Aβ and tau are the two most well established AD biomarkers that reflect the defining neuropathological hallmarks of AD (amyloid plaques and tau tangles) [8, 9]. Plaque deposits of Aβ in extracellular space are one of the earliest disease processes, with accumulation beginning many years before first symptoms emerge [10]. Aβ CSF levels are inversely related to brain levels, i.e., lower levels of the 42 amino acid-long aggregation-prone Aβ in CSF are indicative of higher brain deposition of the protein [11]. pTau is one of the components of neurofibrillary tangles. Both total and pTau are increased in the CSF of AD patients [11]. Compared to Aβ, it is a more concurrent state marker of neurodegeneration, with elevated levels occurring later during disease progression [9]. NfL is a building block of axons and higher levels in CSF are indicative of neuronal injury [12]. Levels of NfL are elevated in AD patients, but it is not a specific marker of AD [9]. Another non-specific biomarker is YKL-40, which represents astrocytic activation and neuronal inflammation. YKL-40 is associated with AD status and other neuropathologies [11, 13]. Finally, neurogranin is a postsynaptic protein related to synaptic functioning, cognition and plasticity. Importantly, levels are higher in AD patients and other dementias [14].

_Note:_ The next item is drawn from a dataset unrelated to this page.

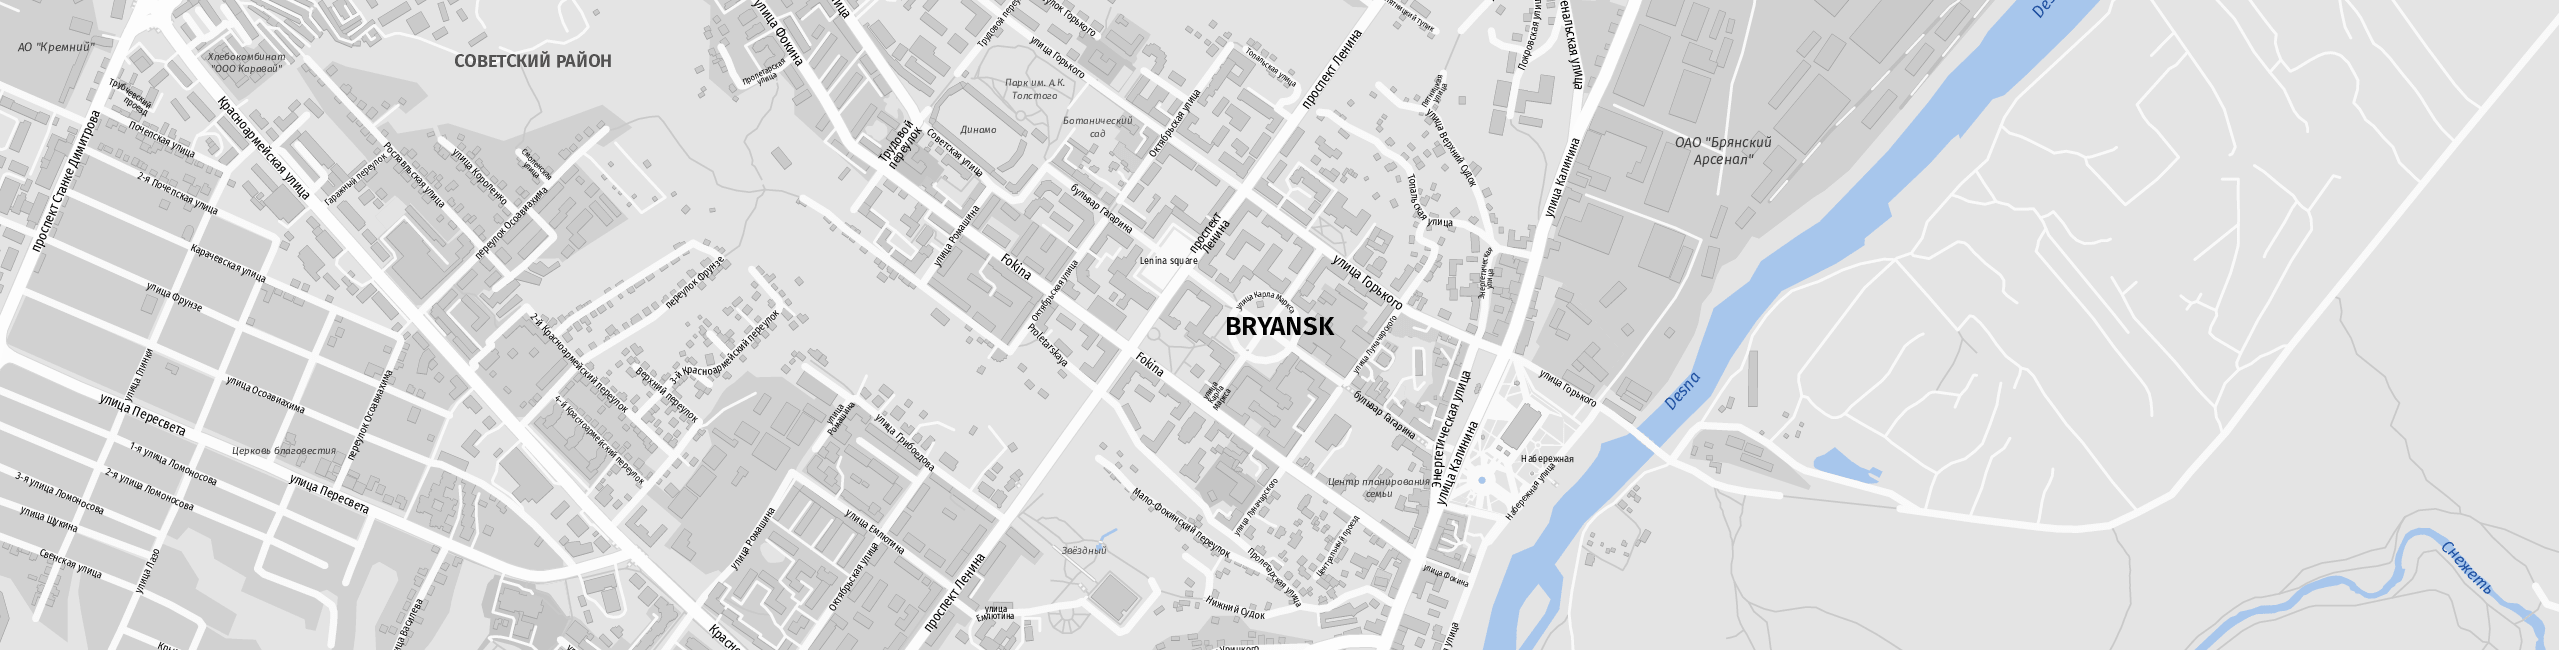 Stadtplan Brjansk zum Downloaden.

Most genome-wide analyses use a case-control design, but some have also examined CSF and plasma biomarkers. A recent genome-wide association study (GWAS) has examined common variation in relation to Aβ and tau levels in CSF, identifying novel associations between ZFHX3 and CSF-Aβ38 and Aβ40 levels, and confirmed a previously described sex-specific association between SNPs in GMNC and CSF-tTau [15]. A more recent GWAS on these datasets further identified common-variant associations between TMEM106B and CSF-NfL and CPOX and CSF-YKL-40 [16]. Another study investigated rare variants underlying plasma Aβ using whole-exome sequencing, identifying several exome-wide significant genes [17].

With this study, we took a pathway approach by analyzing rare variants in relation to distinct AD-related pathologic processes reflected by six different CSF biomarkers. As we are mainly interested in the genetics of the underlying disease processes, which can be represented by multiple biomarkers, as opposed to the biology of single biomarkers per se, we apply a multivariate approach to analyze multiple biomarkers jointly. Specifically, we applied a principal component analysis (PCA) to identify independent clusters of biomarkers representing different biological processes. A PCA approach is not only conceptually appealing, but may also improve power [18, 19].

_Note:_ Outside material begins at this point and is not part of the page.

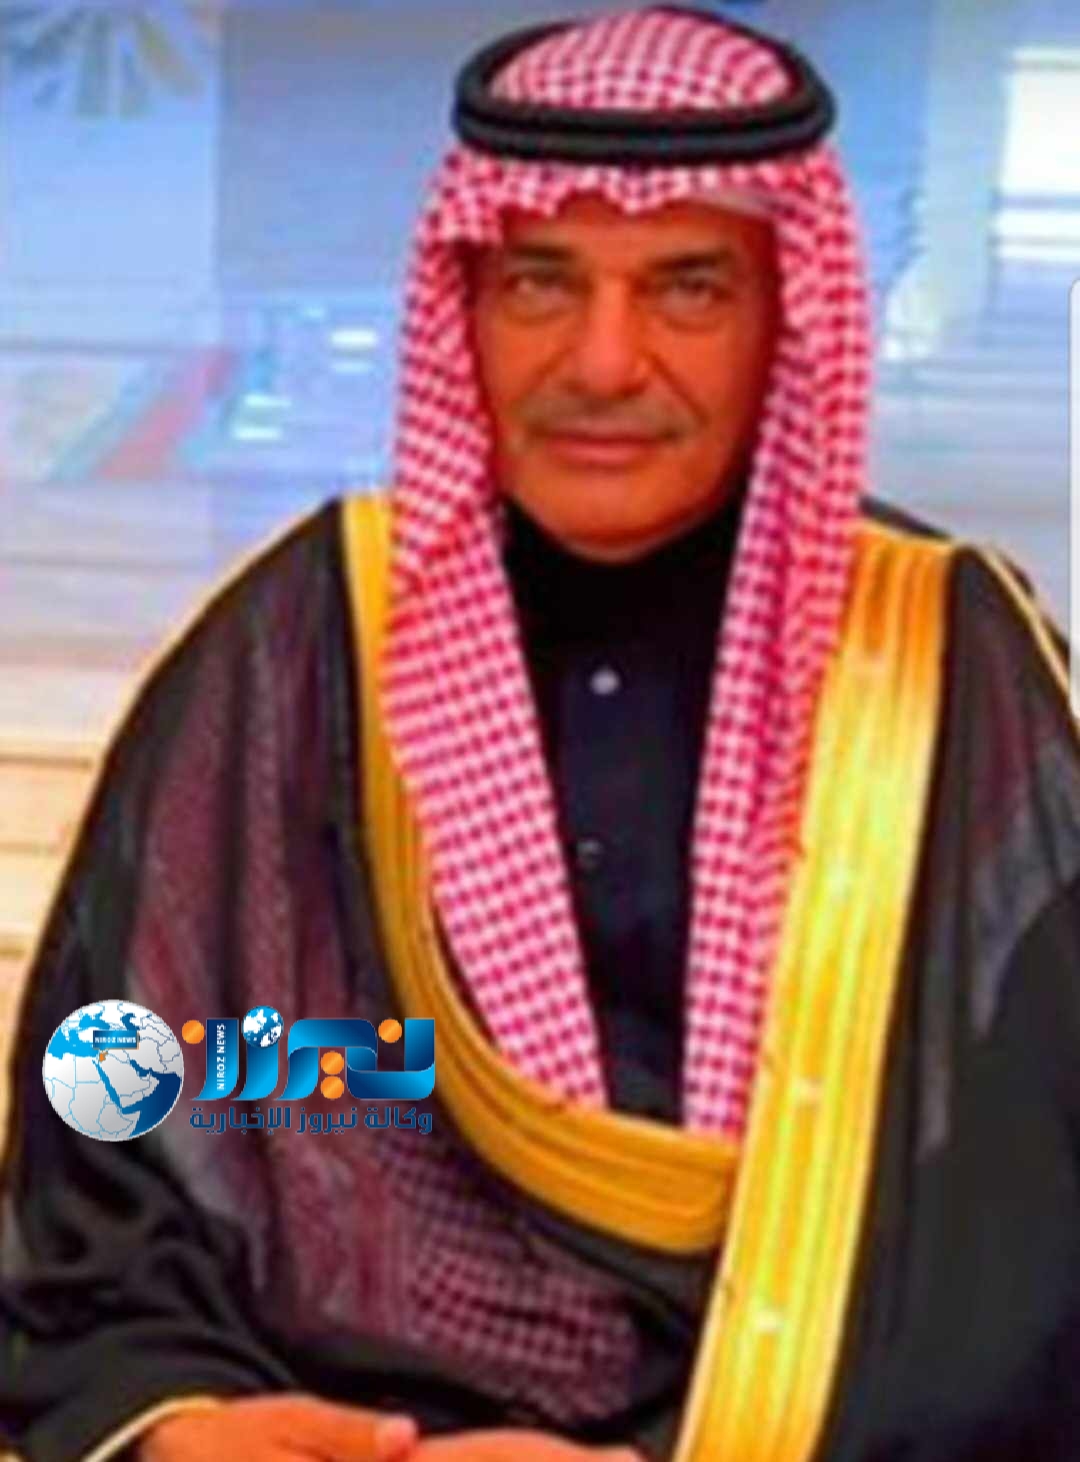 الشيخ محمد مضحي الشمري ... نبض الوطن الصادق الذي نفتخر به

To further improve power and generalizability, we performed a mega-analysis of two multi-center studies: the European Medical Information Framework for Alzheimer’s Disease Multimodal Biomarker Discovery (EMIF-AD MBD) study [20] and the Alzheimer’s Disease Neuroimaging Initiative (ADNI) [21].



This study was embedded in the EMIF-AD MBD project, a consortium of European cohort studies with the aim to increase understanding of AD pathophysiology and discover diagnostic and prognostic biomarkers [20]. The EMIF-AD MBD study includes participants with no cognitive impairment, mild cognitive impairment (MCI) or AD. Extensive phenotype information is available on diagnosis, cognition, CSF, and imaging biomarkers. Genetic assessments include genome-wide SNP and DNA methylation array data, as well as whole-exome sequencing. Written informed consent for use of data, samples and scans was obtained from all participants before inclusion in EMIF-AD MBD. The Ethical Committee of the University of Antwerp, as well as committees at each site [20], approved the study and research was in accordance with the Declaration of Helsinki.

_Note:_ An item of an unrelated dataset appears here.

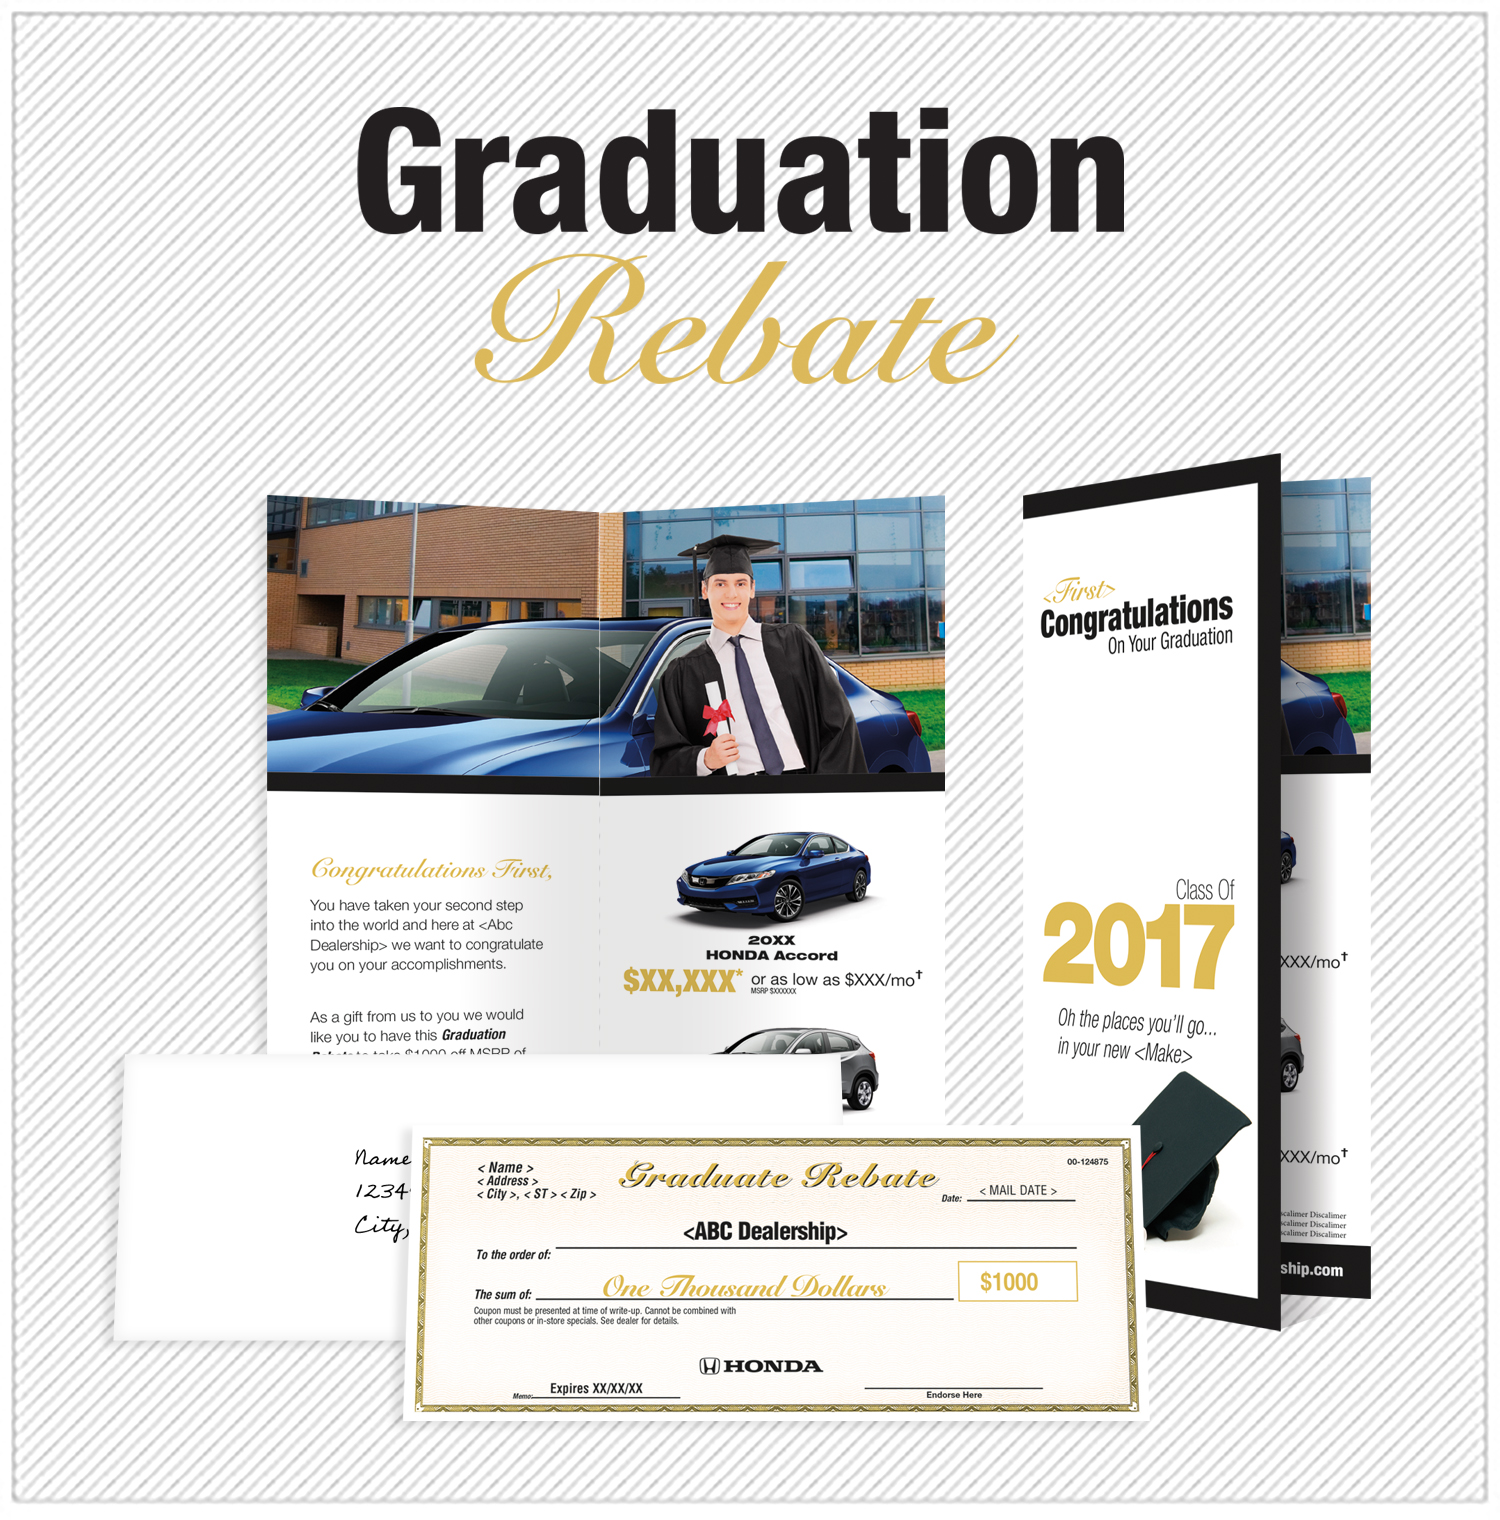 Graduation Rebate

We further included ADNI to increase power and generalizability [21]. Data used in the preparation of this article were obtained from ADNI was launched in 2003 as a public-private partnership, led by Principal Investigator Michael W. Weiner, MD. The primary goal of ADNI has been to test whether serial magnetic resonance imaging, positron emission tomography, other biological markers, and clinical and neuropsychological assessment can be combined to measure the progression of MCI and early AD.

For the main analysis we selected participants, who were assessed with exome-wide sequencing, had no known pathogenic mutations, were unrelated and had information on at most one CSF biomarker missing, resulting in a total sample size of 480 participants. Participants had mostly European ancestry (98.8%). Primary analyses were based on this multi-ancestry sample, but European ancestry only analyses are provided as sensitivity analysis (Supplementary Methods).



Whole exome-sequencing in EMIF was performed using an Illumina NextSeq500 platform using paired-end reads on DNA samples hybridized with SeqCap EZ Human Exome Kit v3.0 (Roche). In ADNI whole exome-sequencing was performed using the Illumina HiSeq2000 platform [22] The same quality control pipeline was then applied to both studies (Supplementary Methods). Post-analysis, we retained only genes with at least two rare variant carriers in each study to reduce Type-1 error, increase generalizability and ensure convergence.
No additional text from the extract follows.